Even A123's system @ $10,000 a pop is not a good idea. Take your $10,000 and buy a new central AC heatpump if yours is old, or put $10K worth of solar on your roof. Don't tweak a car that is already getting 60mpg.

BTW - it is obvious that the film, "who killed the electric car" movie came to all the wrong conclusions. It is clear that the battery technology is not ready yet for mass production. It is getting close. Safety, reliability and cost are important factors that have to be ready.

Buying 350 pounds of lead batteries sounds like a very bad environmental use of $5,000 also.

Battery range is 15 miles max. The cycle life is 800. 800 x 15 equals 12,000 miles. The cost is $5,000. $5,000/12,000 miles is 41.6 cents per mile just for the battery depreciation.

You don't replace the entire $5000 system in two years, just the batteries. Battery cost for the open-source project was only $800 but lifetime cost was 20 cents/mile because the batteries only lasted 400 cycles. These 800 cycle batteries cost more upfront but probably come in around 15 cents/mile. Of course gas cost for a Prius is only 10 cents/mile. This conversion is about getting off oil, not saving money.

Advanced lithium battery vendors claim thousands of cycles and high volume prices below $500/kWh. This gets battery depreciation cost down to 2-4 cents/mile. Gasoline and liquid biofuels can't compete with that, though they'll still be useful for long distance travel.

If firefly ever gets their battery into mass production, it would be a much better battery as a interim until Li Ion becomes less expensive.
http://www.fireflyenergy.com/

@Dan

I like the comparison of car maintenance to being on maintenance drugs. That was funny!

I guess I have to wonder how much maintenance we all do to our cars. Sure there are fluid changes and rare mechanical failures, but I do not think I spend thousands and thousands on maintenance. I think my biggest expense are tires, along with alignments and balancing, and that will occur whether it's an ICE or an electric vehicle.

Is there data out there on the projected maintenace costs of a vehicle?

What you need is a set of control algorithms that enable a (p)hev to work optimally with battery sizes from the current prius size up to say 100 mile range.

Thus, you characterise the engine system and car mass etc and the system works out the best way to use the electric power.
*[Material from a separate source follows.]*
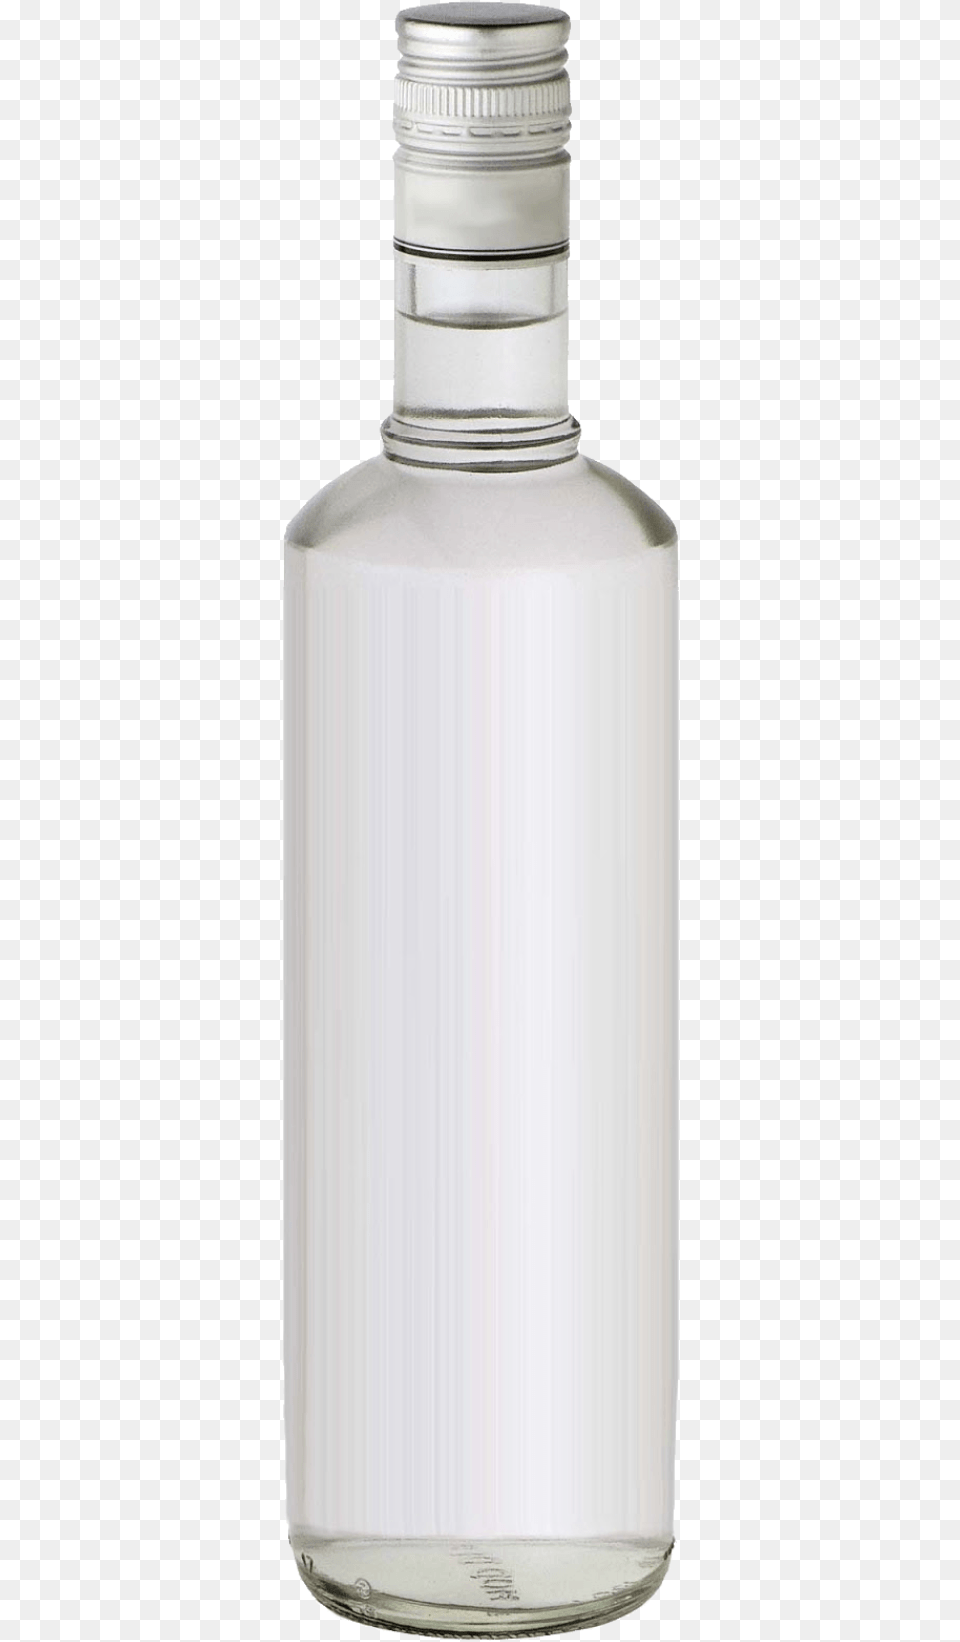 Vodka Bottle, Jar, Glass, Shaker Free Transparent Png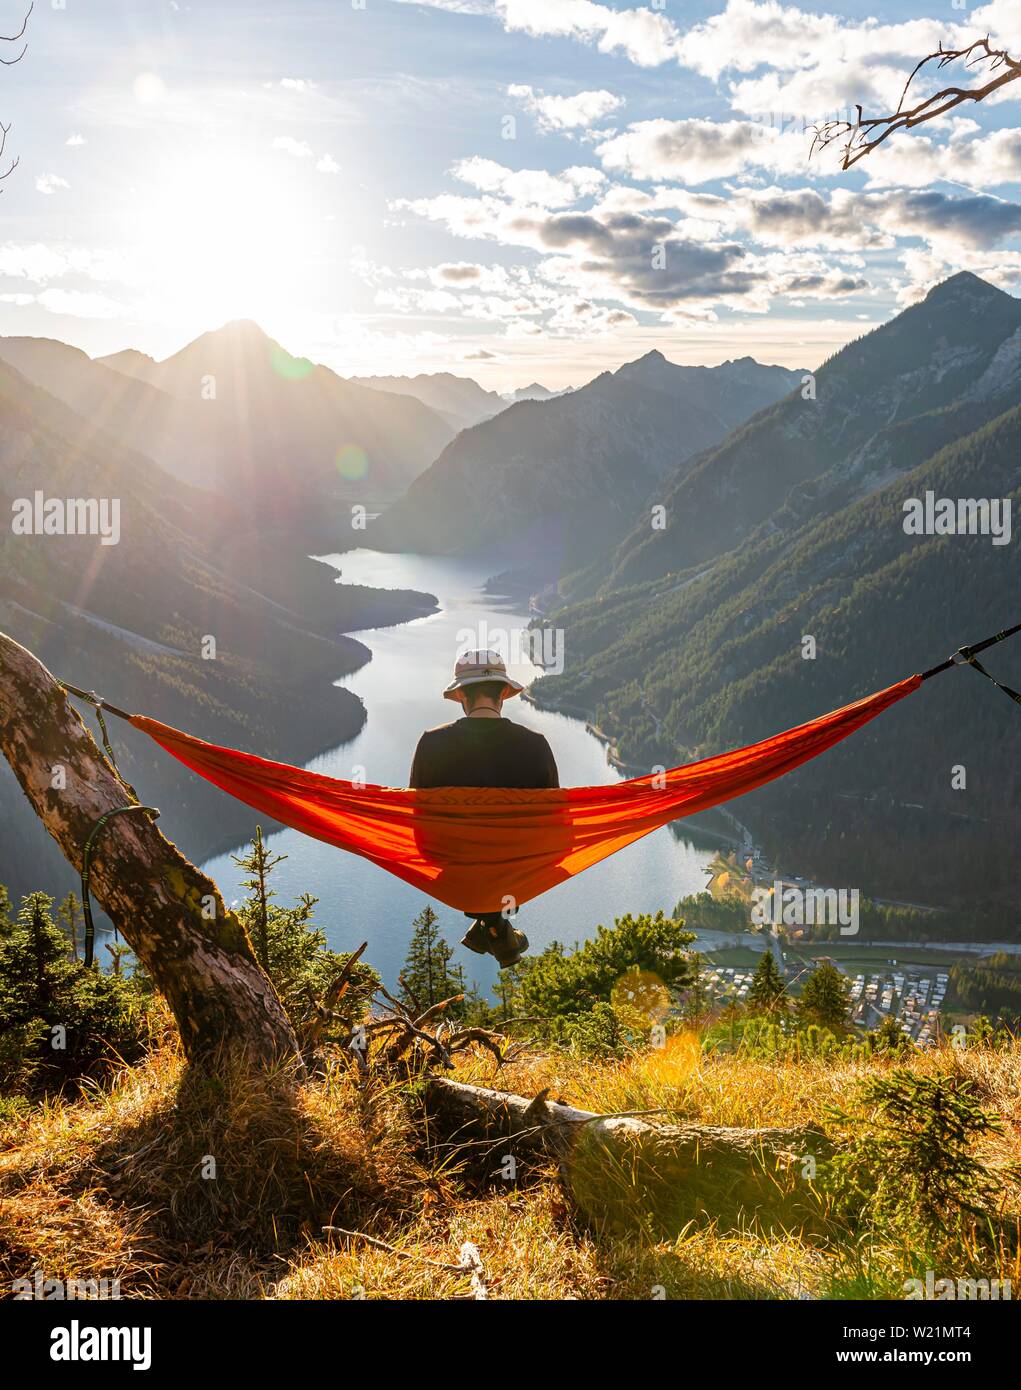 Mann mit einem Sonnenhut in einem orange Hängematte sitzen, Panoramablick auf Berge mit See, Plansee, Tirol, Österreich Stockfoto

You could add GPS and machine learning to the system.

For instance, it might notice that you go to the shops on tuesdays and can drive the whole way on electric.
It might suggest that you plug it in at the office, and that, if you did, you could go the whole way on electric.

Then, as you add KwH, the system makes the best use of them, but it still works well with a 2 KwH battery and a bit of regenerative braking.

It would be a good assumption that batteries will improve more slowly than people would like, and to build systems that work optimally with small batteries.

A clever algorithm could reduce the need for a larger battery.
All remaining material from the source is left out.